As a bigger back, Gerhart's adjustments behind the line of scrimmage need to be subtle. He won't be reversing the field or making defenders miss by running to the sideline on a regular basis. This is a great example of the type of run that Gerhart can and will need to consistently make.
The Baltimore Ravens come out with six defenders in the box, a base 4-3 look. The Vikings have two tight ends lined up to the right side of their offensive line. Theoretically, the Vikings should be able to create a clean running lane for Gerhart in this situation.
The Vikings pull their left guard across the formation, while the rest of the offensive line blocks down in the opposite direction. This action drags the left defensive end crashing toward the center, making the block for the inside tight end easy.
However, Gerhart isn't going to have a free running lane because the middle linebacker is reacting to the left guard's movement. The duo are set to meet in the hole.
Before meeting the left guard at the line of scrimmage, the Ravens middle linebacker attacks his inside shoulder. This puts him in a perfect position to stop Gerhart for no gain if Gerhart continues his current path.
However, Gerhart is smart enough and quick enough to take one hard step before angling back inside to find the hole. The outside tight end had sealed the running lane, so Gerhart is able to accelerate through an attempted tackle from a linebacker on the second level before finishing the play for a relatively big gain.
Gerhart didn't take one big step. He didn't reverse the field, and he didn't hesitate behind the line of scrimmage. He subtly shuffled his feet before accelerating through the small space that was afforded to him. This is the kind of play that Gerhart will base his success on as a starter in the NFL.
As with any player entering free agency, a price and suitors need to be found.
Outside of a handful of runners in today's NFL, there won't be a back who can command a hefty fee a a free agent these days. Gerhart will likely settle for a short-term contract that will allow him an opportunity to earn a bigger salary through his performance on the field.
He should have a number of suitors, though. Ben Tate and Gerhart appear to be the top two free agents who could be considered bell-cow backs.

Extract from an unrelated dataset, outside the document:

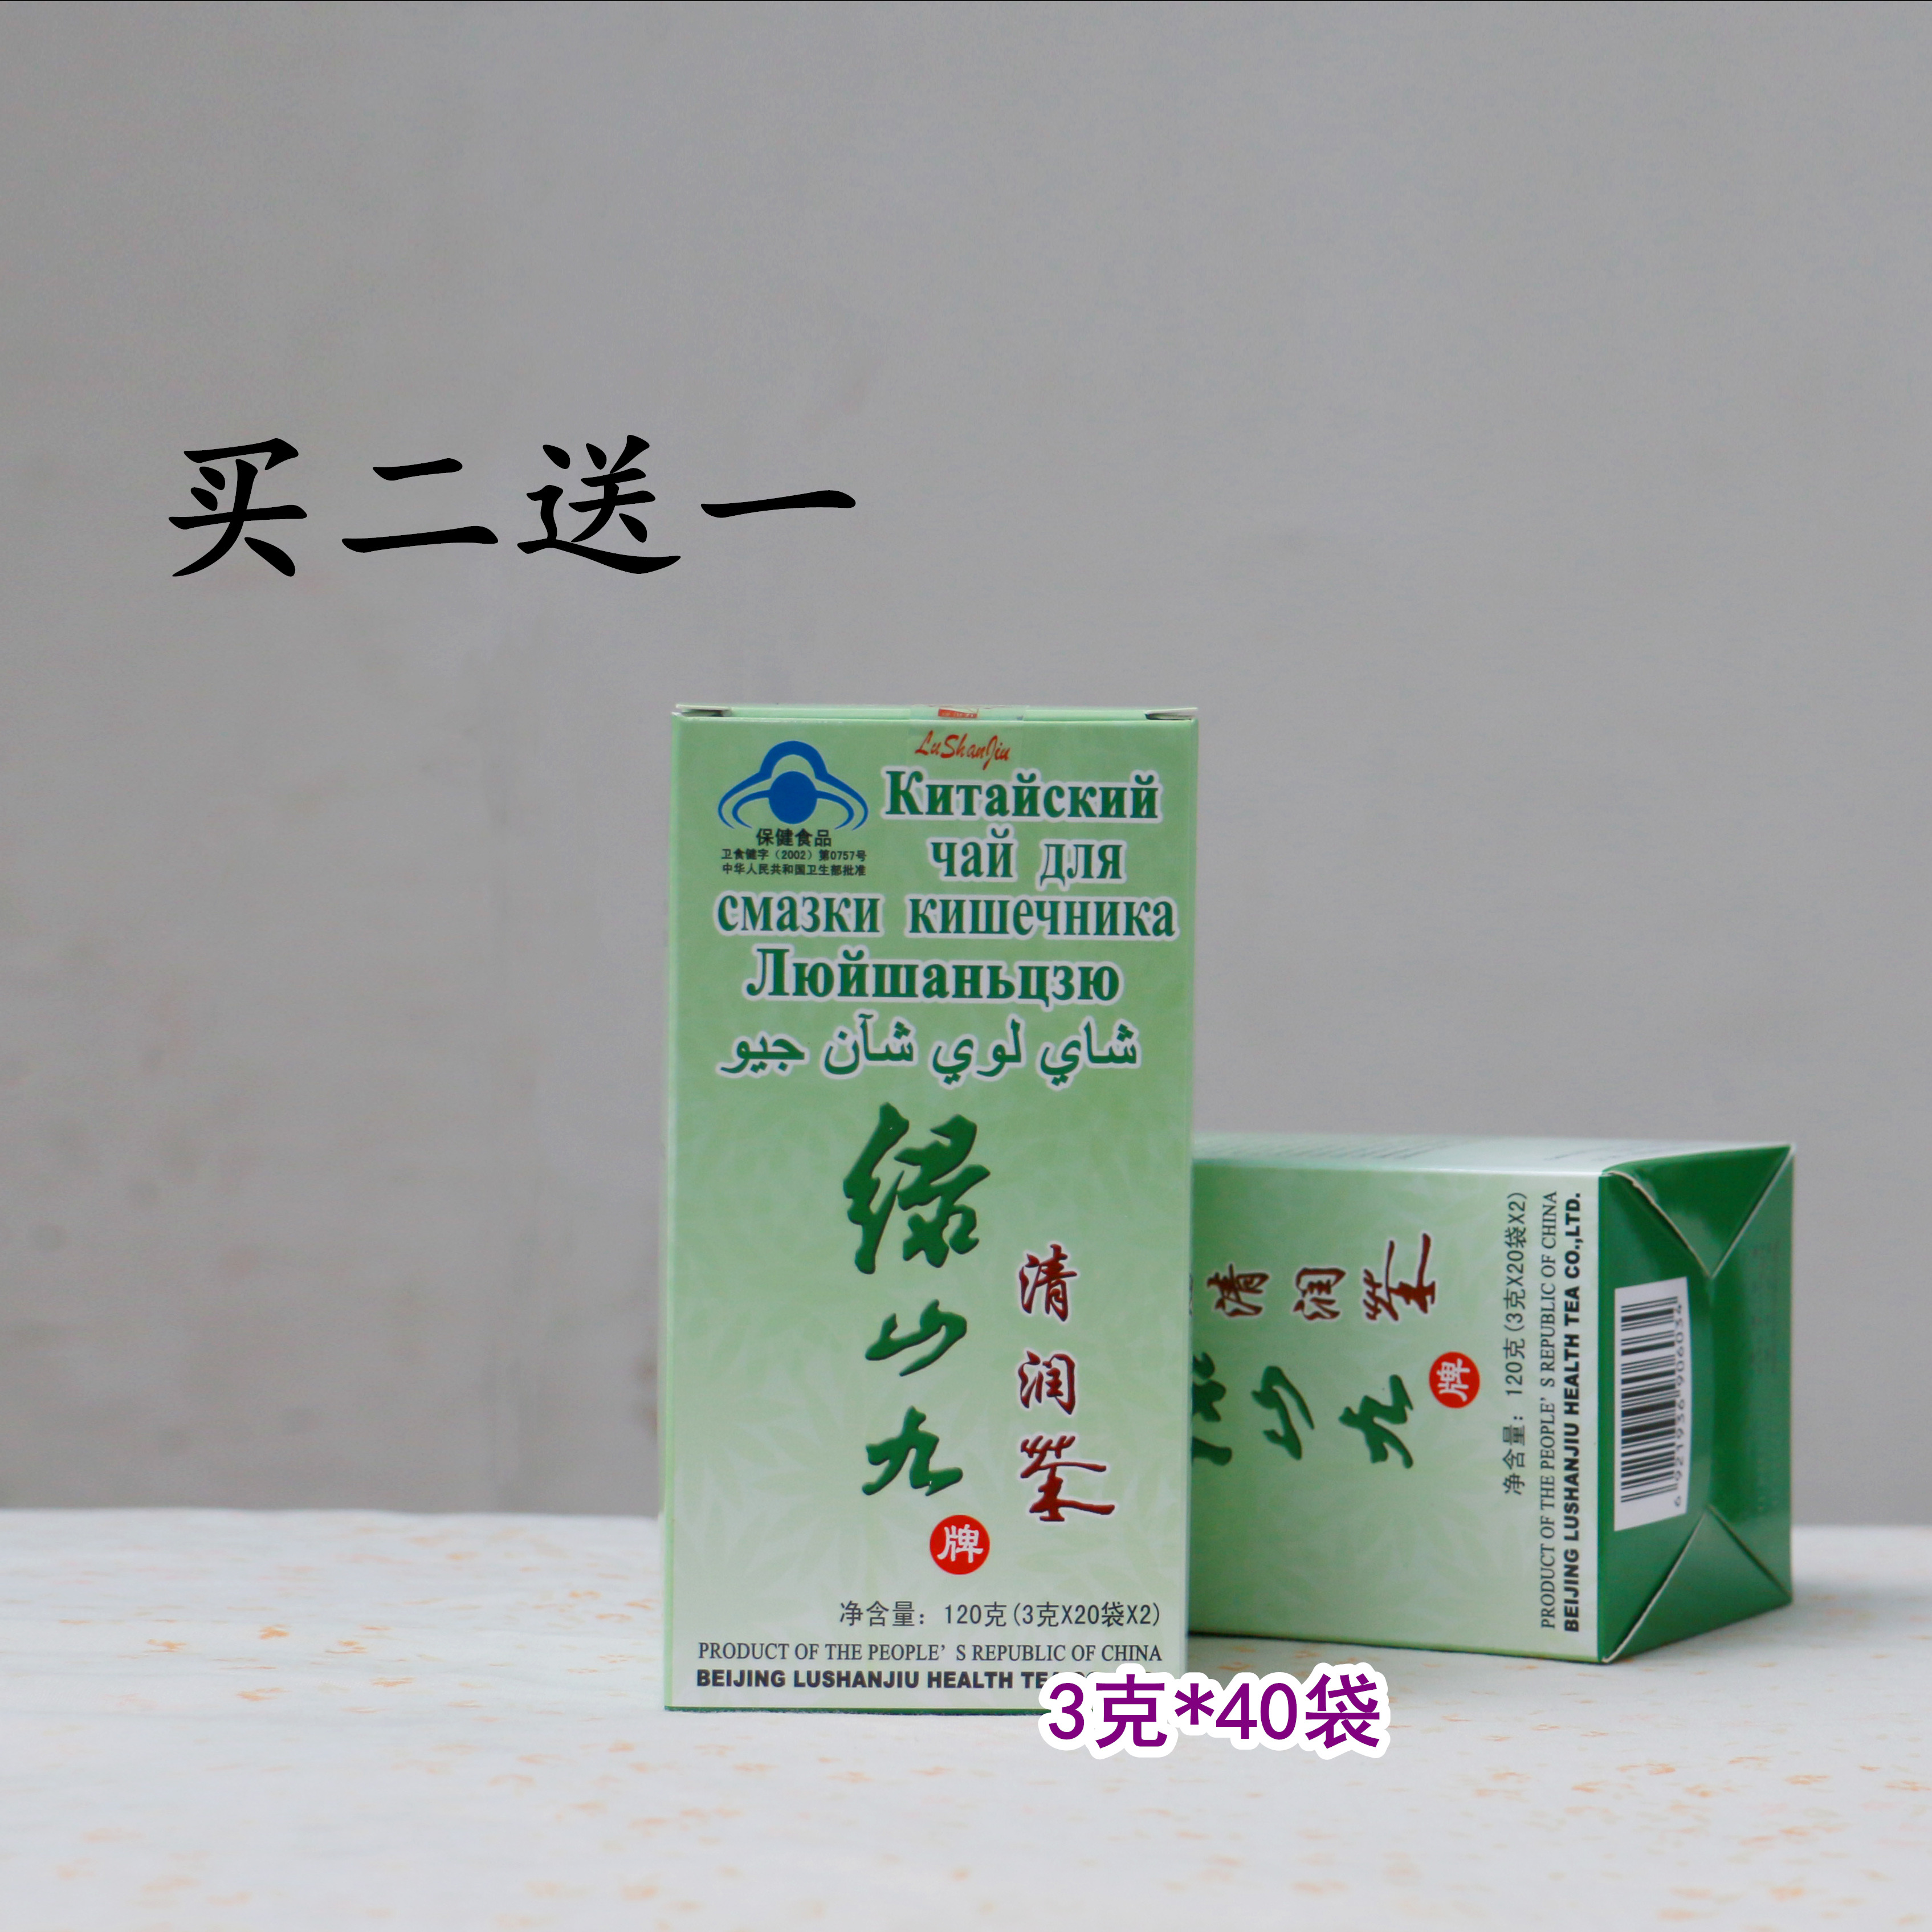 Green Mountain Nine Brand Qingrun Tea (3g*20 bags*2) package in 2019

Tate has talent. He is just as explosive as Gerhart, and both players have durability questions that need to be answered on the field. Tate has played a little bit more than Gerhart, but Gerhart has proven to be an all-around more talented player.
Both players should attract attention from the New York Giants to potentially come in as starters, while there are a number of other franchises who could be looking for a big contributor in the backfield once they begin to release players.
If the choice does ultimately come down to Gerhart and Tate, then Gerhart appears to be the more preferable option.